Alluxio / alluxio

Alluxio, data orchestration for analytics and machine learning in the cloud
https://www.alluxio.io
Apache License 2.0
6.86k stars 2.94k forks source link

After opening the client cache, the memory used will exceed the upper limit #17989

Open wangw-david opened 1 year ago

wangw-david commented 1 year ago

Alluxio Version: What version of Alluxio are you using? I deployed alluxio version 2.9.0 (alluxio/alluxio-dev:2.9.0) with fluid 0.9.1.

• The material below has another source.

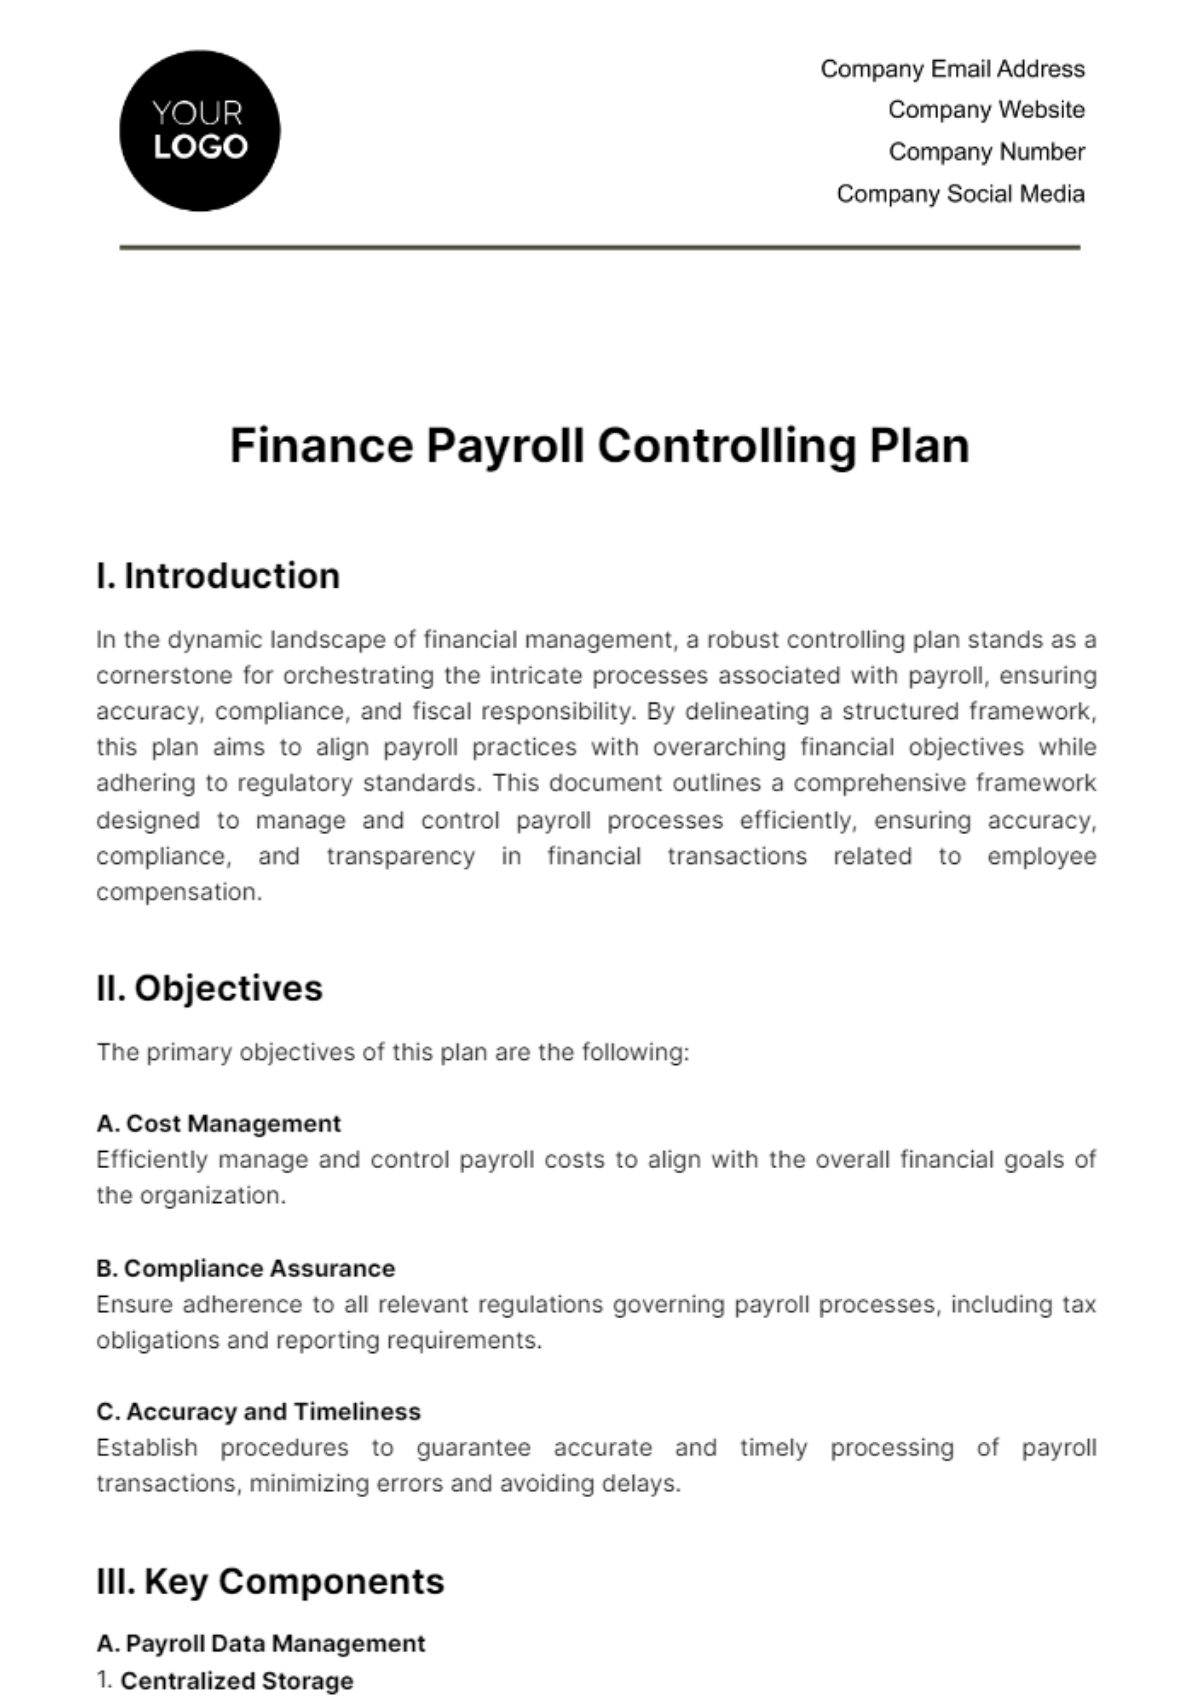 Free Finance Payroll Controlling Plan Template

Describe the bug Here is my client cache configuration: alluxio.user.client.cache.enabled: "true" alluxio.user.client.cache.store.type: MEM alluxio.user.client.cache.size: 1GB alluxio.user.client.cache.page.size: 4MB

When I read and write 4M files, everything is normal, and then when I start to read and write 4K files, fuse's jvm memory often OOM. I use jmap -heap xxx to monitor the jvm usage of fuse: filesize num tenured generation used
4M 1024 948MB
2M 1024 1811MB
1M 1024 3643MB
256K 1024 4233MB
4K 1024 4164MB

When I turn off client caching, alluxio.user.client.cache.enabled: "false", the memory usage is only 23MB 1M 1024 23MB

If open the cache and set the pagesize to 64K, the memory usage will also become very small: 4K 1024 86MB

Can someone tell me why? Why is the small file taking up so much memory and seems to exceed the upper limit configuration.

To Reproduce Steps to reproduce the behavior (as minimally and precisely as possible)

Expected behavior A clear and concise description of what you expected to happen.

Urgency Describe the impact and urgency of the bug.

Are you planning to fix it Please indicate if you are already working on a PR.

Additional context Add any other context about the problem here.

LuQQiu commented 1 year ago

Thanks for reporting the issue. We have fixed some memory issues in Alluxio 3 which will be launching recently or can be used directly via alluxio main branch. Alluxio 2 line has some read prefetch behavior espeicially when reading small pages (4KB especially) which result in unexpected large memory consumption

humengyu2012 commented 1 year ago

Can you please modify the code when you're available? Try this pull request https://github.com/Alluxio/alluxio/pull/17636, which should achieve the same effect as the client cache. For details, please refer to this article: https://zhuanlan.zhihu.com/p/641450419.

wangw-david commented 1 year ago

@LuQQiu Thanks for your reply. @humengyu2012 Ok, I will try this pr, thanks.